Morphological traits such as plant growth habit, the shape and colour of prickles, leaflet shape and size, leaf serration and shape of stipules are the key features that are used to identify species at the taxonomic level but some of the accessions do not show typical characteristics of a particular species which may be due to out-crossing with other species and hence we need more tools to distinguish them. In an earlier study, we found type of stipule as the most important trait that distinguished 21 cultivated and 4 unknown wild Rosa species collected from Himalayan region of India (Gaurav et al. 2018). Different accessions of R. damascena did not show the specific characteristics of the species and same was the case for R. wichuriana group (Gaurav et al. 2018). Thus, morphological characters alone are not sufficient to study the genetic diversity or classification of a species like rose, which is an outcrossing species with complexity in ploidy levels.

In the 1990s, molecular markers were developed for rose cultivar identification and several of these such as RAPD, SSR and AFLP marker systems were used for identifying species relationships in Rosa. SSR markers have been developed in rose by many researchers for studying the diversity of rose varieties as well as species from across the world (Aparna et al. 2019; Babaei et al. 2007; Esselink et al. 2003; Hibrand-Saint Oyant et al. 2008; Kimura et al. 2006; Panwar et al. 2015a, b; Samiei et al. 2009; Scariot et al. 2006; Smulders et al. 2009; Zhang et al. 2006). However, very limited work has been done on diversity, conservation and utilization of rose species and varieties grown in India. Work related to morphological and molecular characterization was done by Kaul et al. (2009) in interspecific hybrids of R. damascena × R. bourboniana using AFLPs and RAPDs. Panwar et al. (2015a) used RAPDs and ISSRs for studying the Indian rose genotypes while Rai et al. (2015) used RAPDs in studying the wild species of rose. Singh et al. (2017) also used AFLP and RAPD markers to study the diversity in cultivated and introduced varieties and some wild species of rose. Still enough data is not available regarding different wild species of India. Hence, the present investigation was attempted on diversity analysis of rose species grown and available in India using SSR markers.

Materials and methods

Plant material

The experimental material for the current study consisted of 21 cultivated and four wild species (Rosa species 1-4) of the genus Rosa of family Rosaceae (Table 1). R. damascena was represented by three accessions and Rosa hybrida by two while the rest of the 19 species were represented by one accession each. The known cultivated 24 species which were collected from ICAR - National Bureau of Plant Genetic Resources (ICAR-NBPGR), Shimla, Himachal Pradesh and ICAR- IARI, regional station, Katrain, Himachal Pradesh were grown at ICAR - Indian Agricultural Research Institute (ICAR-IARI), New Delhi, for further studies. However, the four unknown wild species plants from Katrain could not be established at ICAR-IARI. The details of species along with accession number and source of collection are provided in Table 1.

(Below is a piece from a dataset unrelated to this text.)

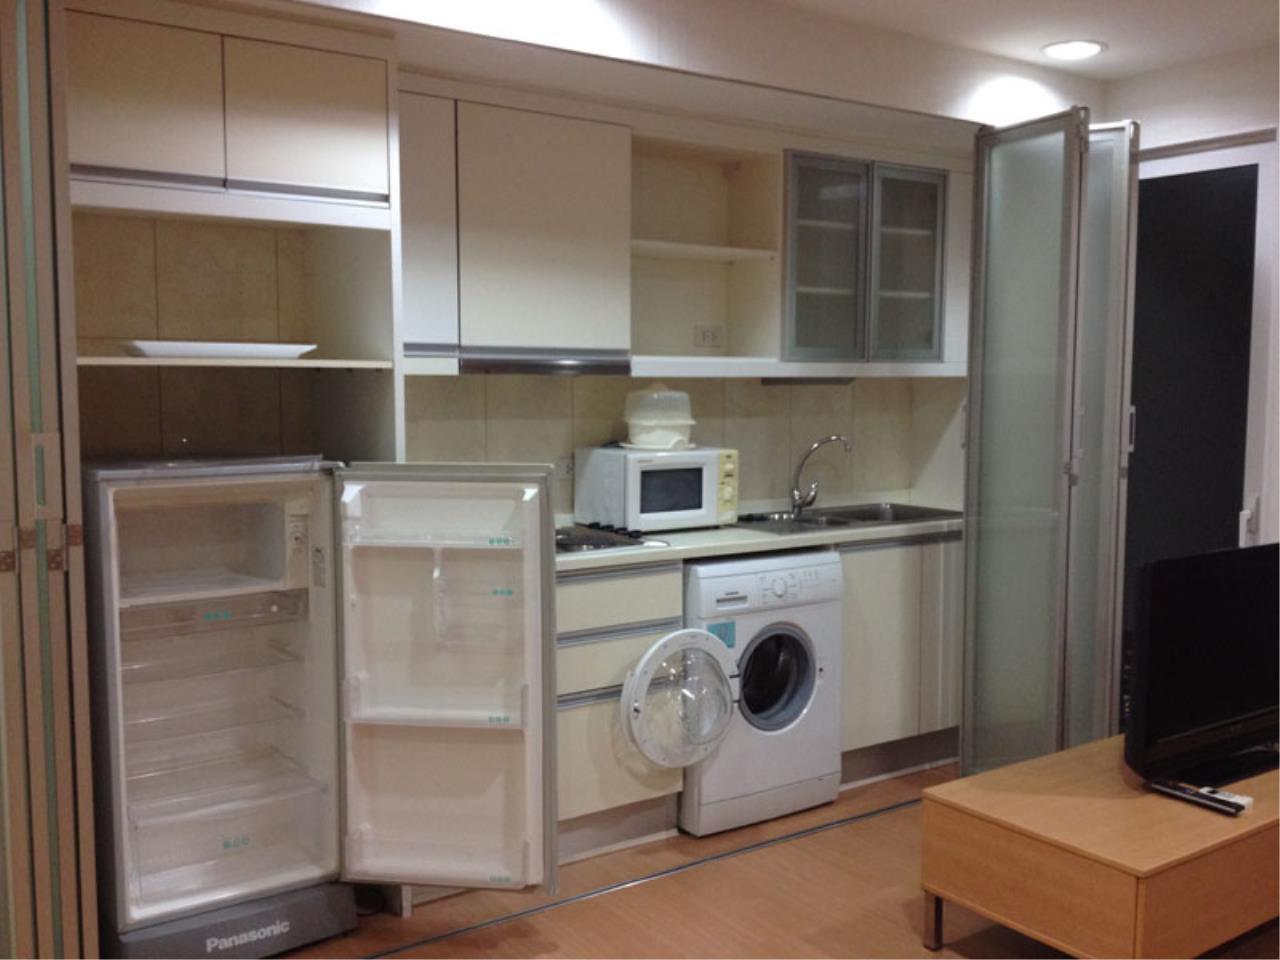 BKK Condos Agency's Two bedroom condo for rent at The Bangkok Sab Road  5

Table 1 List of rose species used for genetic diversity analysis using SSR markers. *

DNA isolation and SSR analysis

All the molecular work was carried out in the laboratory of ICAR- National Institute for Plant Biotechnology (NIPB), New Delhi. DNA isolation was done according to Doyle and Doyle (1990) but with increased concentration of CTAB (2%), β-mercaptoethanol (2 μL/mL) and PVP (2%) in a high salt concentration extraction buffer. High-quality purified DNA, free from metabolites was obtained after treatment with RNAase. Each sample was then estimated both by spectrophotometer (Nanodrop 8000, Thermo Scientific, Waltham, MA, USA) and by ethidium bromide-stained band intensities against standard λ DNA.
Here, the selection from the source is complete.